Familiar and different at same time

By: 
Avery Howe

I’m back in Greybull at my hometown newspaper this week, and it’s all familiar and different at the same time. 

I started out my journalism career here. Nathan hired me as a photo stringer when I was a sophomore at Greybull High School, and yearbook advisor Mrs. Lynn Forcella had me designing pages, writing and taking pictures. My roots are here. My great grandmother Esther Lindsey used to be a typesetter for the Standard. My mom proofreads the paper every week, so if there’s any typos in this, that’s her fault. My younger cousins, Catcher and Grainger Rusell, have both written and taken pictures for this paper. 

It’s been a while since I’ve been settled here, though. I attended college at Rochester Institute of Technology in New York for photojournalism, worked a gig as a digital media team member at Acadia National Park in Maine, did a stint at Northern Wyoming News in Worland, then moved up to northwest Montana to be a staff photojournalist in Hungry Horse News’s log cabin office. Most recently I was editor of the Bigfork Eagle, a weekly newspaper covering the east side of Flathead Lake. 

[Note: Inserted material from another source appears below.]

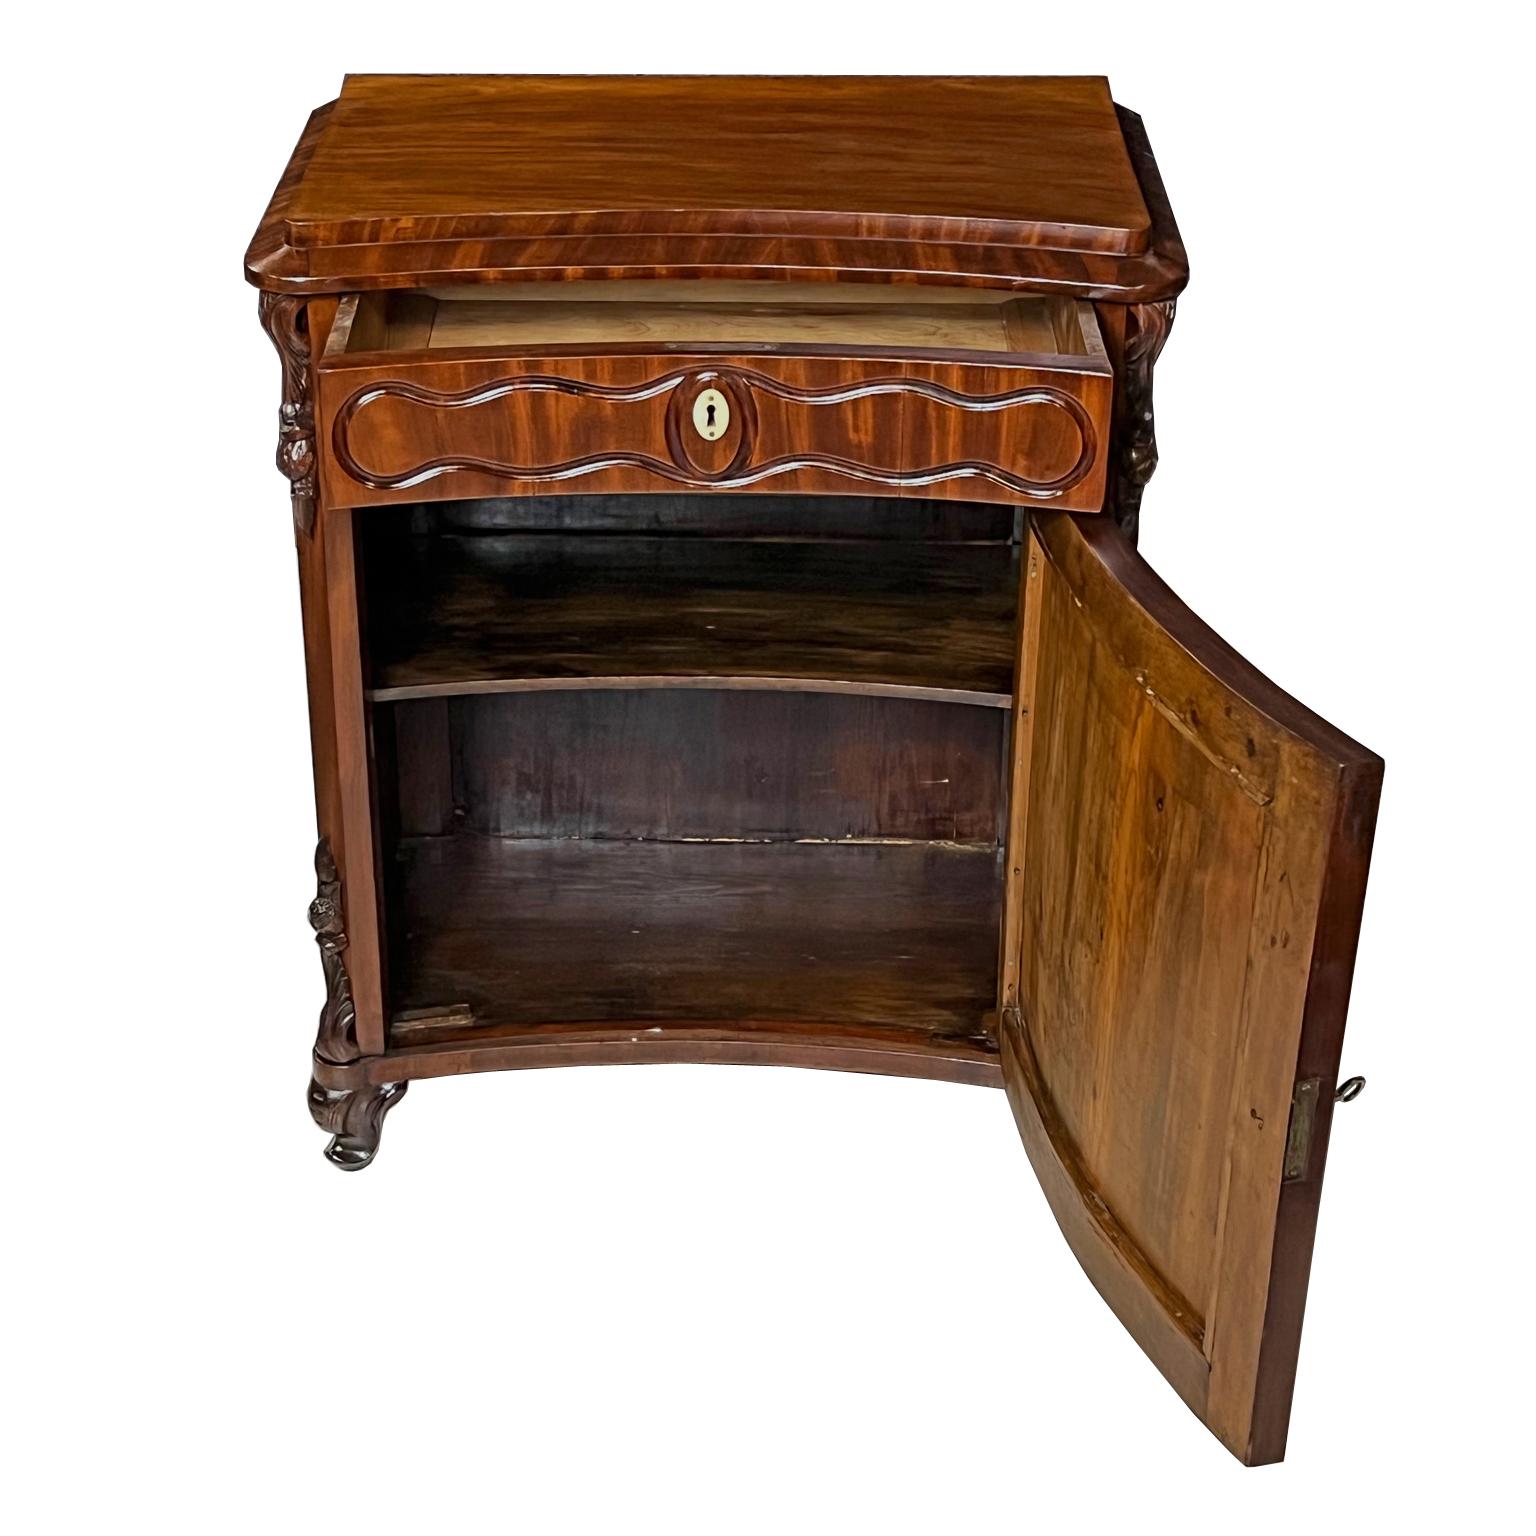 A very lovely Louis Philippe nightstand or side table in fine West Indies/ Cuban mahogany with a concave front. Offers one drawer over a cabinet door that opens to interior shelving. Features a pedestal top with curvilinear inset panels on drawer &
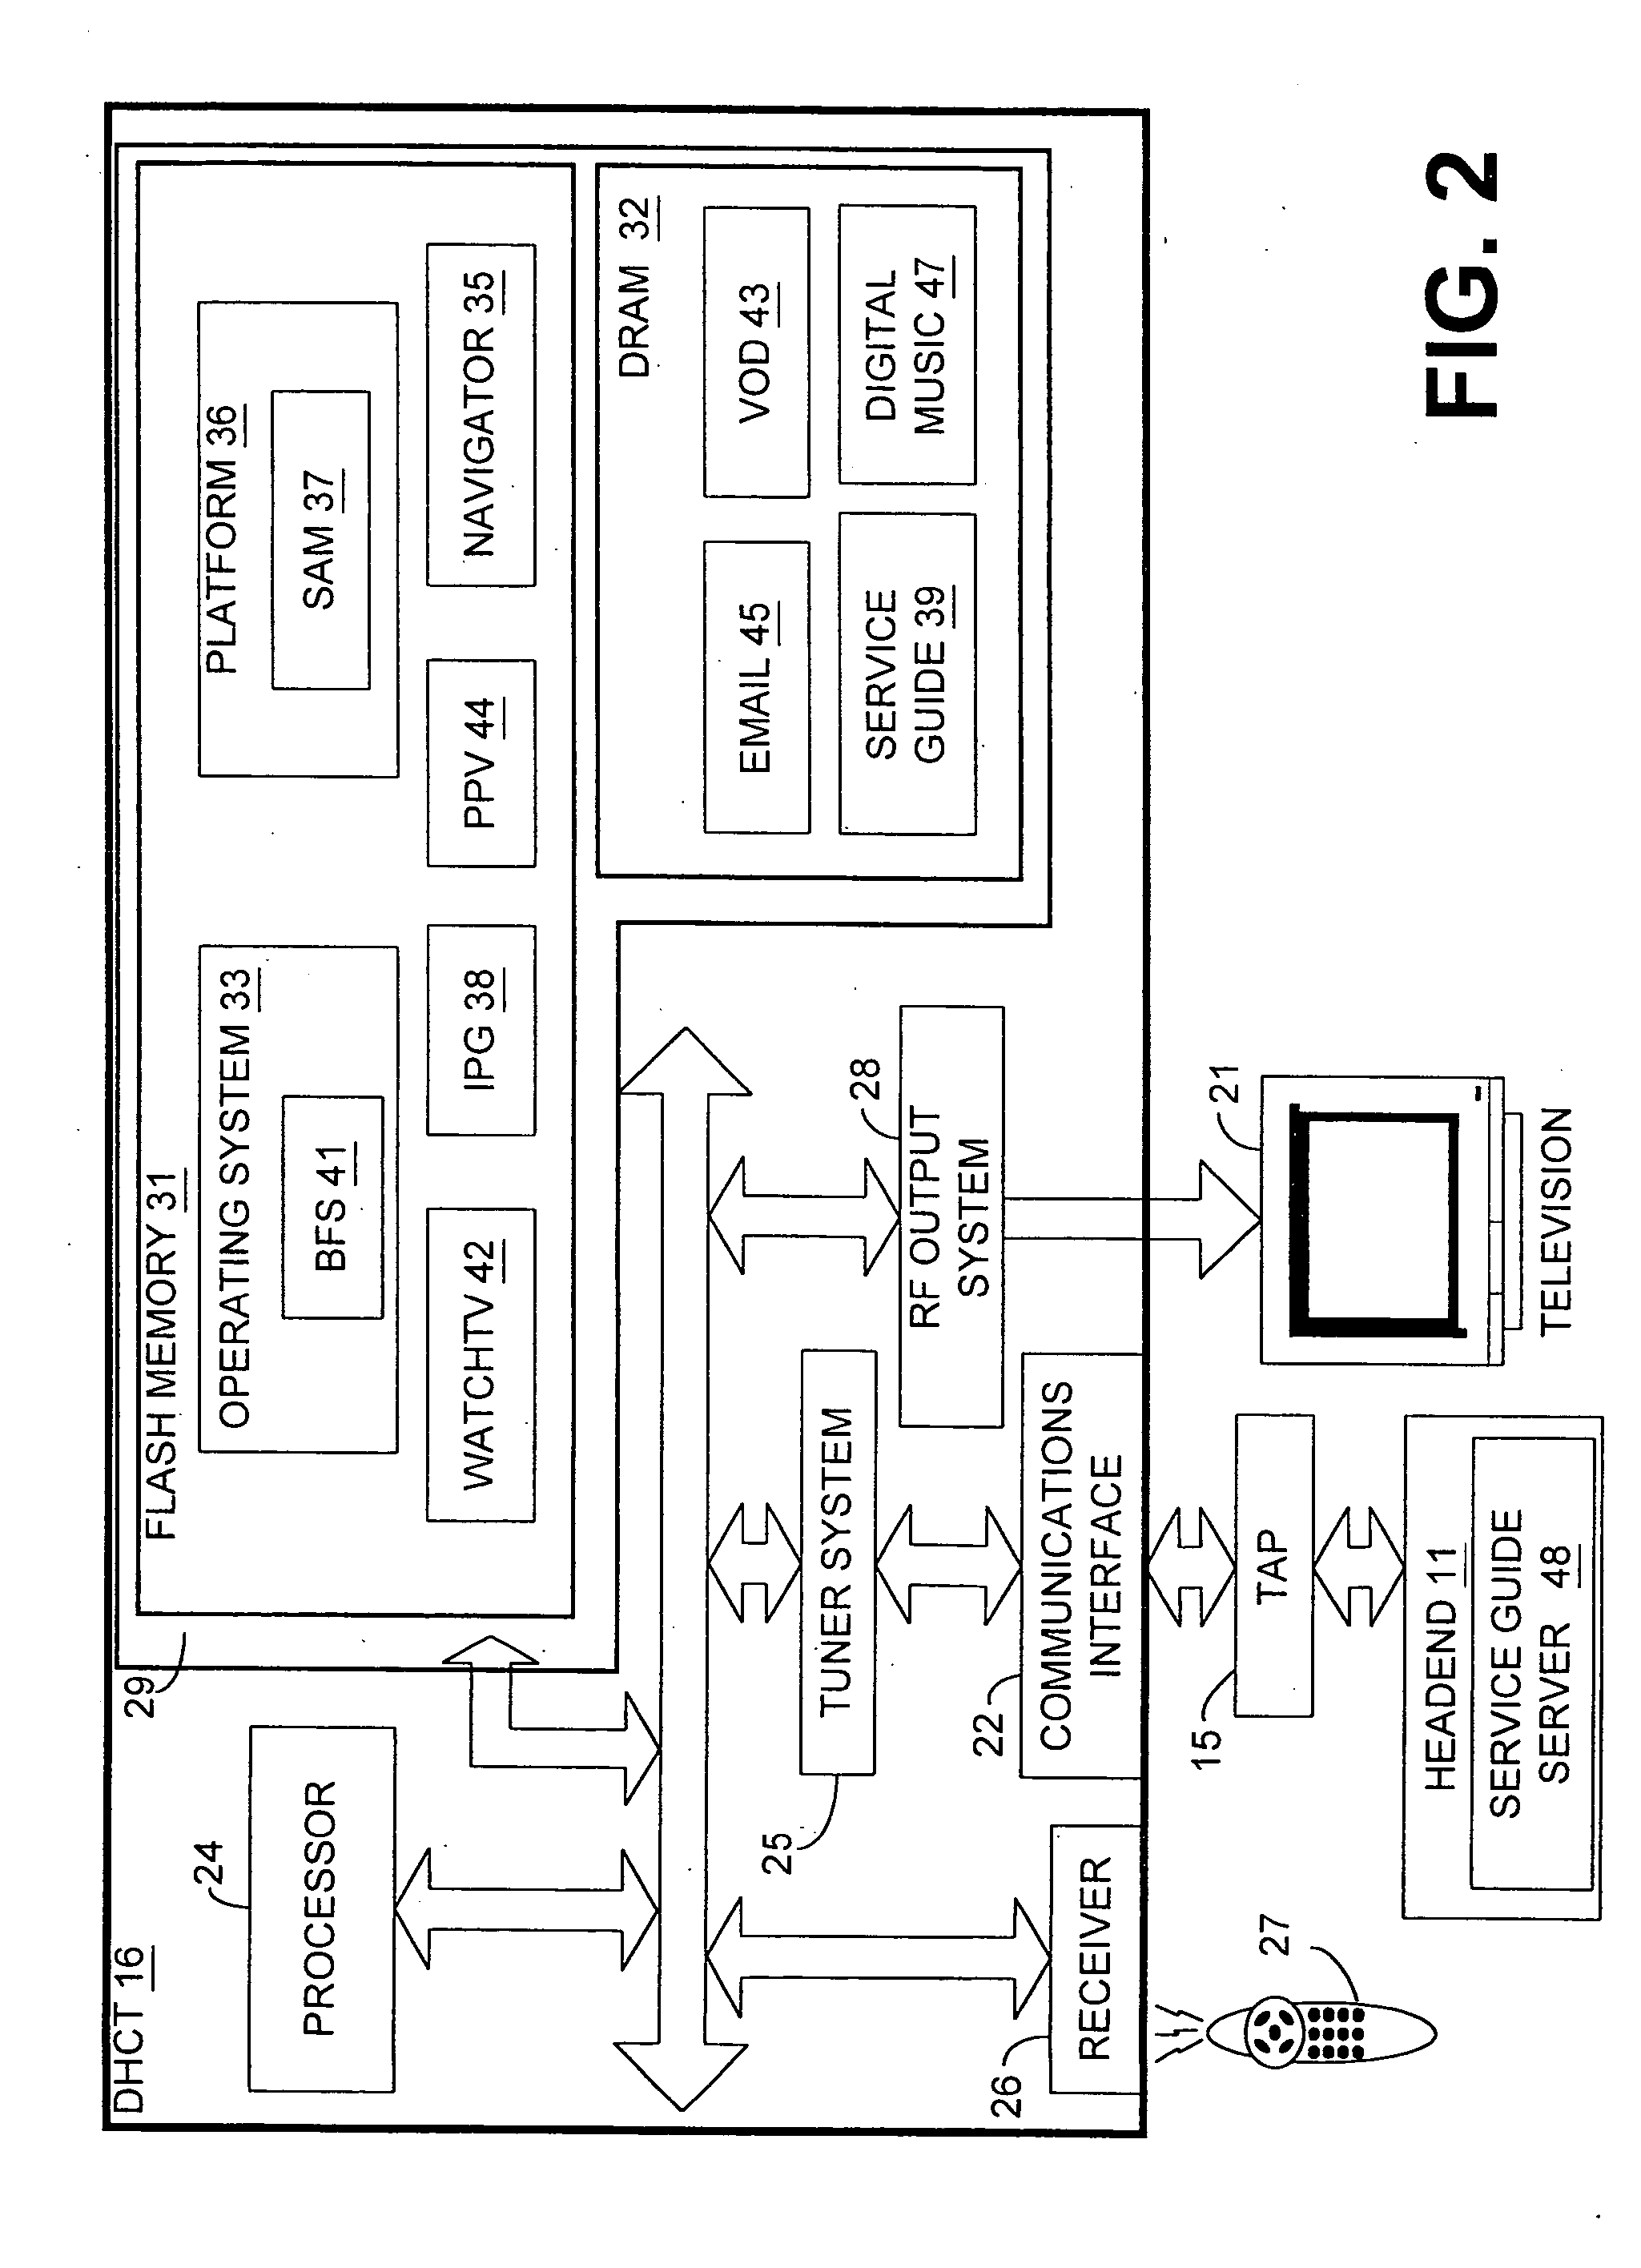 User input for access to television services

I’m excited to be home – I’ve missed all the familiar faces and places – but I’m also readjusting to the slowness here. I think my hometown and newspapers are facing some of the same issues, in a way. There’s a lot of pressure to catch up, get with the times, we need new infrastructure and more digital access and to be on the move constantly. 

The fact that Greybull has hung on to its small-town nature, with new businesses popping up and longtime employees being honored just a couple of the articles featured in this week’s paper, is a good thing, to me. However, it still faces some of the problems I saw in the previous places I’ve worked, albeit on a smaller scale: housing availability, aging infrastructure and affordability to name a few. 

I hope this newspaper, in its 119th year, can still be a relevant place for community discussion and important local information that will guide how we handle these obstacles. I encourage everyone to be active here – write a letter to the editor, let us know what’s happening on your block. I would love to see some familiar faces featured on our pages!

Thanks for supporting the Standard, and please keep me in the loop as I get used to being back in G-Town. 

(Avery Howe is the Standard’s new staff reporter, but will also be contributing to the Basin Republican-Rustler as well as the Lovell Chronicle, our sister publications.)